Despite many recent discoveries that show Neanderthals were technologically and socially sophisticated, there’s still a popular idea that these heavy-browed, pale-skinned early humans were mentally inferior to modern Homo sapiens. Now we have even more corroboration that they were pretty sharp. A fascinating new study reveals that Neanderthals were distilling tar for tool-making 200 thousand years ago—long before evidence of tar-making among Homo sapiens. And an experimental anthropologist has some good hypotheses for how they did it, too.

One of humanity’s earliest technological breakthroughs was learning to distill tar from tree bark. It was key to making compound tools with two or more parts; adhesives could keep a stone blade nicely fitted into a wooden handle for use as a hoe, an axe, or even a spear. Scientists have discovered ancient beads of tar in Italy, Germany, and several other European sites dating back as much as 200 thousand years, which is about 150 thousand years before modern Homo sapiens arrived in Western Europe. That means the people who distilled that tar had to be Neanderthals.
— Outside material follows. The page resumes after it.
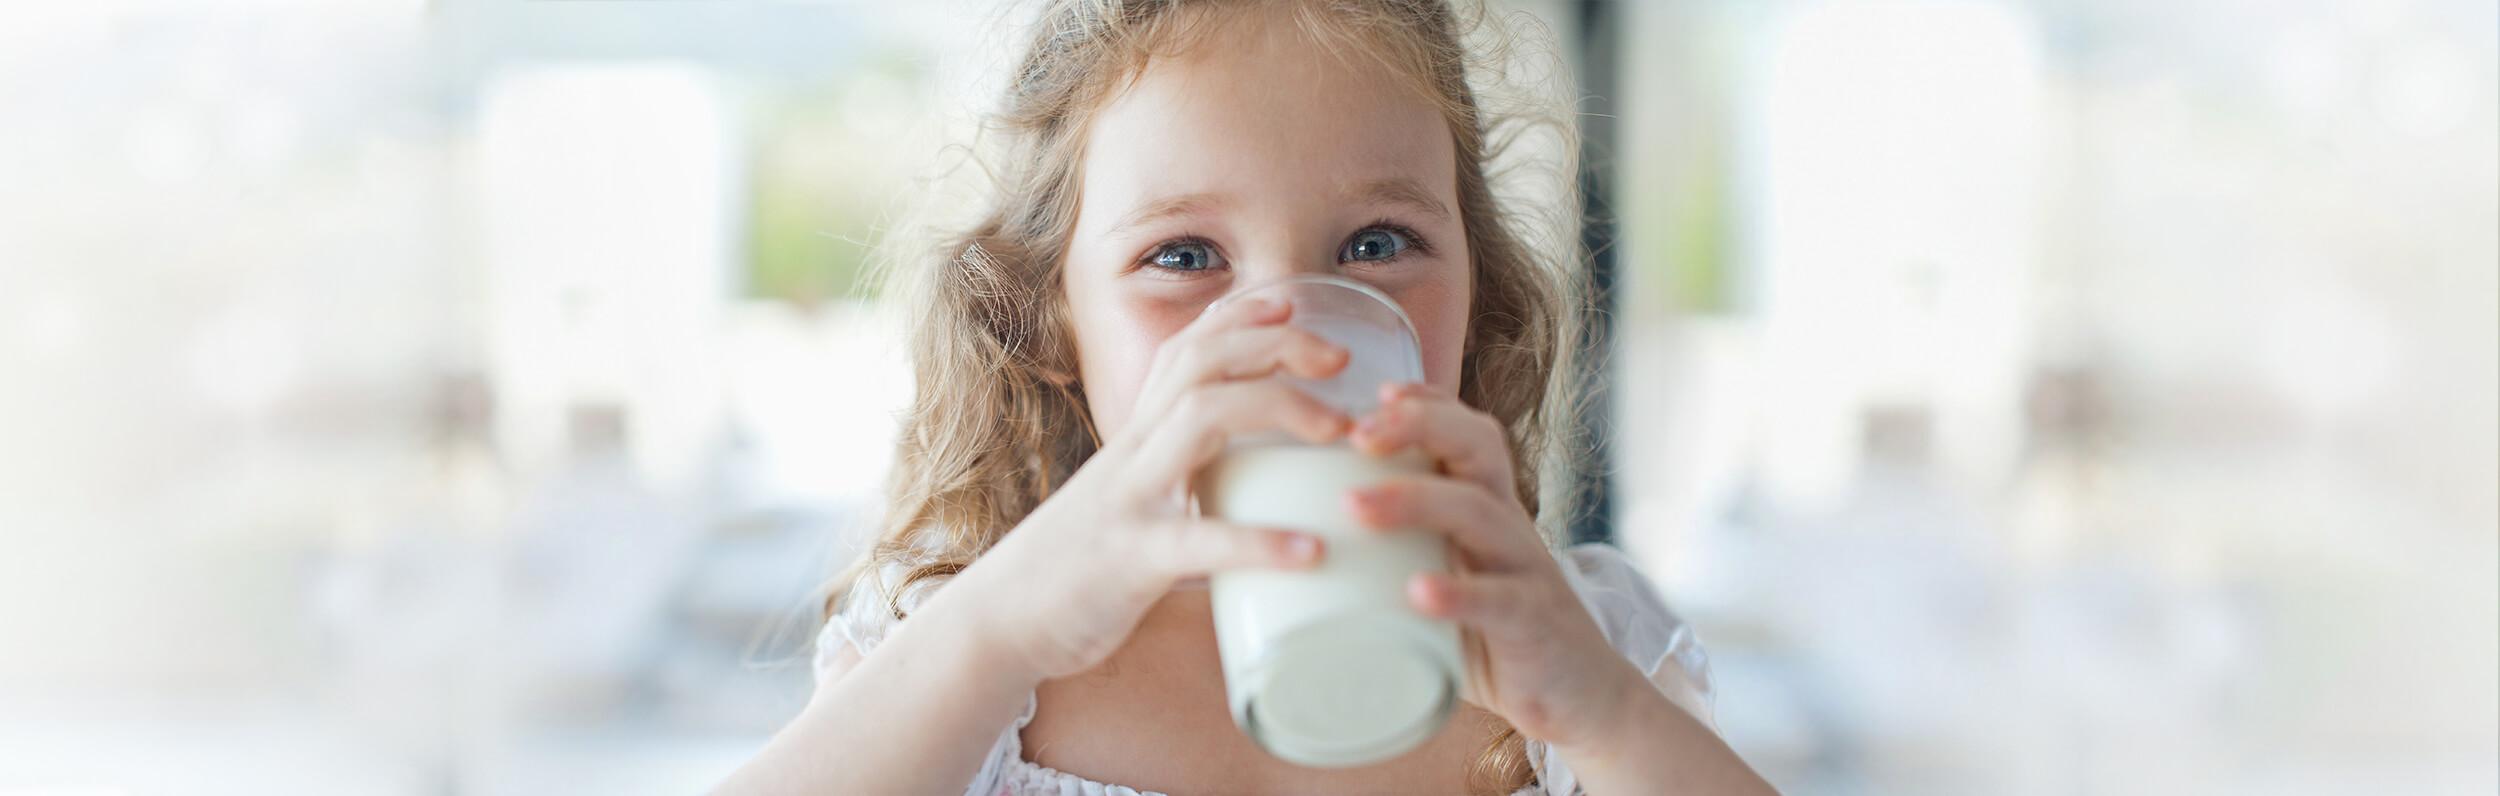 food program for daycare providers - little girl drinking milk - Novick Childcare

The question that Leiden University archaeologist Paul Kozowyk and his colleagues wanted to answer was how sophisticated the Neanderthals had to be to do it. Modern-day tar is distilled between 340 °C and 370 °C, and the process requires a ceramic vessel. Maintaining a temperature in that narrow band is very difficult without specialized tools. Plus, we know for certain that nobody on Earth had developed ceramic technology until roughly 20 thousand years ago, and ceramic pots didn’t come into widespread use until about 9,000 years ago.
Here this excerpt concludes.